Après les politesses d’usage, un peu hésitantes, après un bref instant de gêne, je lui ai demandé de but en blanc s’il l’avait lue, cette lettre. Il n’en avait pas eu besoin, me dit-il, Sonia l’avait écrite devant lui. Il n’arrivait pas à croire que je ne l’avais pas lue. « Quel con, dit-il doucement. Quel gâchis. » L’amour de ma vie était parti parce que j’étais devenu insupportable d’égocentrisme, avec mon prix littéraire et mes prétentions au génie. Mais comme le Petit Poucet, elle avait laissé des cailloux blancs derrière elle, des rendez-vous au fil des années, comme autant de secondes chances que j’avais ratées comme j’avais raté le reste.

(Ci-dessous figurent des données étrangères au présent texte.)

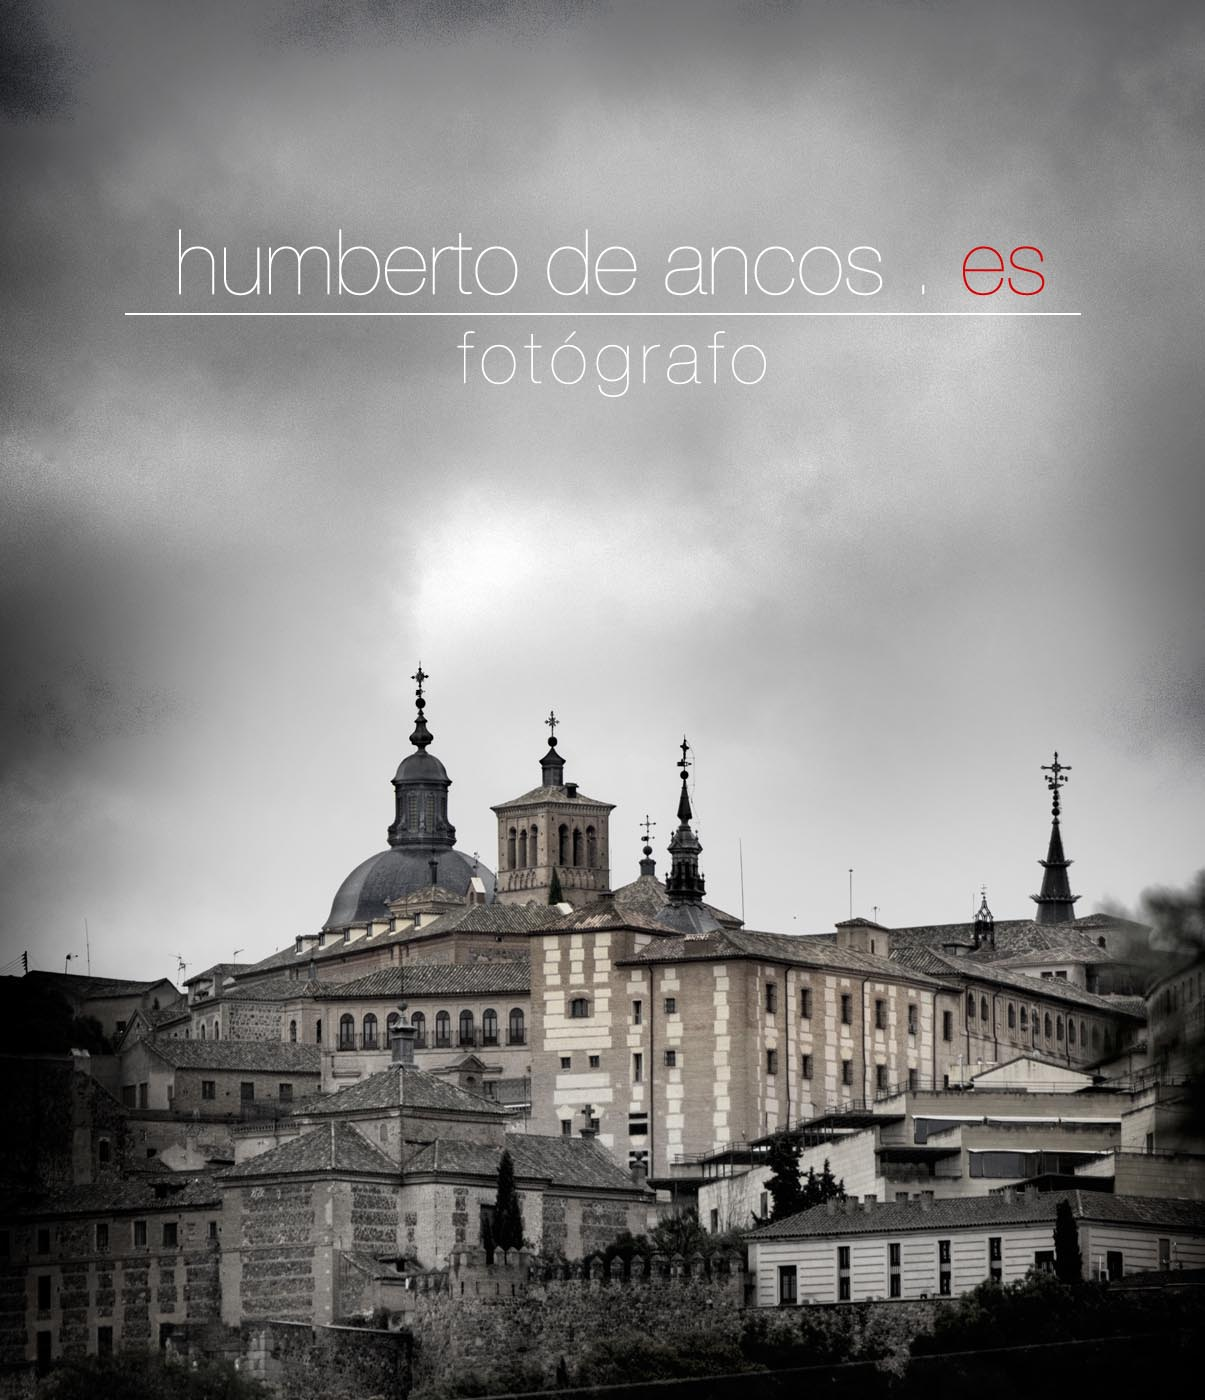 Panorámica de Toledo, Humberto de Ancos, Fotógrafo profesional

La fameuse lettre contenait sept feuilles, sept possibilités de retrouvailles, de reconquête. Ce dîner pour les quinze ans du bac était la dernière, la seule pour laquelle Hervé était autorisé à m’appeler directement. Ma dernière chance. J’ai voulu savoir s’il avait revu Sonia, si elle m’attendait vraiment. Mais il n’a rien voulu me dire. J’allais raccrocher quand je lui ai demandé : « Et toi, au fait, raconte, qu’est-ce que tu fais maintenant ? Tu es marié, des gamins ? » Il a eu un petit rire triste et m’a répondu : « Tu n’as jamais rien compris, hein ? C’était toi qu’elle aimait, je n’y pouvais rien. Et tu l’aimais aussi, vous étiez heureux, c’est la vie. Allez, à samedi. » Je n’avais rien compris, en effet. Quel imbécile.

Quand je suis arrivé à Paris, il tombait une petite pluie fine, tenace. De la terrasse vitrée du café d’autrefois, en face du bâtiment futuriste construit sur les ruines de l’ancienne bâtisse de briques rouges, j’ai regardé longtemps des lycéens qui sortaient de cours en riant, les cheveux dans les yeux et le jean traînant par terre. L’inévitable téléphone et une clope à la main, ils vivaient intensément, et pourtant sans en avoir conscience, cette époque merveilleuse, exaltante et dérisoire où l’on est tellement sûr, parce que l’on est tout neuf, de vivre dans un monde nouveau.

J’étais à leur place il y a quinze ans ; j’y retourne ce soir. Je suis aussi ému à l’idée de revoir Sonia aujourd’hui que je l’étais le jour de la photo de classe quand je me suis glissé à côté d’elle. J’ai marché longtemps pour ne pas être en avance – comme autrefois : surtout ne jamais arriver le premier à une soirée, le comble de la ringardise.

Devant le restaurant, pour me donner une contenance, je sors un bloc et un stylo et je commence à répondre à la lettre que je n’ai jamais lue. Je ne sais pas par où commencer. Une main légère se pose sur la mienne. Il n’y aura pas de dîner d’anciens pour nous ce soir, mais merci, Hervé : nous allons l’écrire, cette lettre. Une lettre de retrouvailles.